The purpose of the current study was to investigate the role of a combined dMCL and psMCL injury on knee joint laxity. The main hypothesis was that dMCL injury would cause an increase in AMRI without causing an increase in valgus rotation (VR) but additional psMCL injury would cause an increase in both AMRI and VR.

Methods

Sixteen fresh-frozen human cadaveric knee specimens without history of injury, surgery, osteoarthritis, or meniscal pathology were used for this study. This study was approved by the institutional research ethics board.

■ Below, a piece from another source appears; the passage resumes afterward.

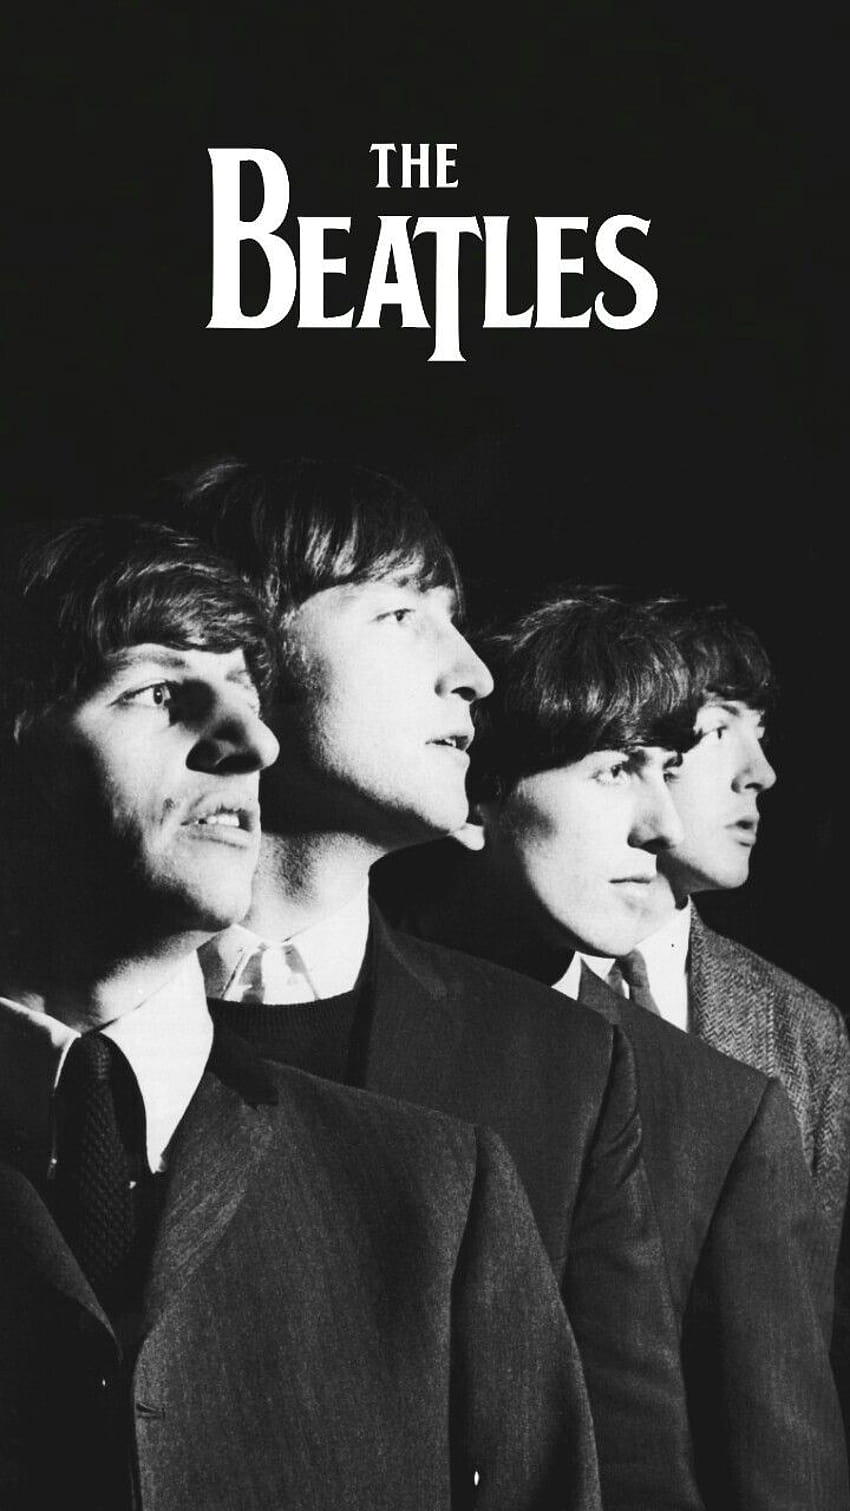 La schermata di blocco dei Beatles, Android i Beatles Sfondo del telefono HD

Apparatus and Specimen Preparation

Biomechanical testing was performed with a 6 degrees of freedom joint motion simulator (VIVO; Advanced Mechanical Technologies). Each specimen was thawed at room temperature over a 24-hour period before testing. Soft tissues were denuded from the proximal femur and distal tibia or fibula, leaving intact all tissues within 150 mm of the transepicondylar axis. Our techniques for potting and mounting tissues onto the VIVO have been described previously.^18,24 Two optical motion trackers (Optotrak; Northern Digital) were fixed to the femur and tibia. Three-dimensional surface models of each specimen’s femur and its tibia or fibula, previously segmented and reconstructed from computed tomography images (3-Dimensional Slicer; http://www.slicer.org/), were coregistered to the specimens. A model-guided, motion capture–aided alignment technique was used to position the femur onto the joint motion simulator, such that the knee flexion axis was concentric with the mechanical flexion axis of the machine and centered mediolaterally, which minimizes unwanted secondary motions,¹⁸ and the tibial shaft was vertically oriented in the frontal and sagittal planes. With the specimen in full extension, a compressive load (100 N) was applied across the joint parallel to the long axis of the tibia while all other degrees of freedom were unconstrained. The resulting position was defined as the reference position; all joint kinematics were measured relative to this pose by the joint motion simulator using coordinate conventions from Grood et al.⁵

Biomechanical Testing

Before data collection, we preconditioned each specimen to reduce tissue hysteresis by performing the entire loading sequence for 5 test cycles. Tibiofemoral kinematics were measured with the joint flexion angle fixed at 0°, 30°, 60°, and 90° under a compression load of 10 N. Valgus laxity was measured in response to an 8-N·m VR torque. External rotation (ER) and internal rotation laxity were measured using a 4-N·m rotation torque. AMRI was evaluated based on the maximum anterior translation (anteromedial translation; AMT) referencing the center of the joint and the maximum tibial ER (anteromedial rotation; AMR) measured after first applying an anteriorly directed force (89 N) and then adding an ER torque (4 N·m) to the tibia. The forces used were in line with those used in previous studies investigating medial knee biomechanics.^2,4,20,25 Each load was applied and removed over a 30-second period, and kinematic parameters were measured using sensors embedded in the actuators of the joint motion simulator (accurate to 0.1 mm and 0.1°) and recorded at 500 samples per second. The resulting maximum achievable rotations or displacements were measured relative to their corresponding neutral positions. Each test was repeated 5 times. The mean of the second, third, and fourth tests was used as the final laxity output. Data from the first and fifth cycles were discarded to limit possible beginning- and end-of-test effects.

Dissection Sequences

Two distinct dissection protocols were used. The ACL was cut first or last, depending on the protocol, to evaluate the effect of the different MCL injury patterns on AMRI in an ACL-intact or -deficient joint. The dMCL was always cut before performing a psMCL, for 3 reasons: (1) during knee injury, the dMCL is suggested to rupture first due its lower strength and stiffness as well as its shorter length compared with the sMCL^{8,19,20,25,26}; (2) keeping the order of MCL cuts consistent in protocols 1 and 2 aids comparisons between both protocols; (3) during our pilot tests (n = 4), it was not possible to create a psMCL injury without damaging the dMCL. Protocol 1 included 8 specimens (mean age, 60 years [range, 27-72 years]; mean body mass index, 25; 0 pairs; 5 male, 3 female), and protocol 2 included 8 specimens (mean age, 60 years [range, 54-70 years]; mean body mass index, 27; 1 pair; 5 male, 3 female) (Figure 1).

Figure 1.

The 2 cutting protocols (n = 8 samples for each protocol). ACL, anterior cruciate ligament; dMCL, deep medial collateral ligament; psMCL, partial superficial medial collateral ligament; sMCL, superficial medial collateral ligament.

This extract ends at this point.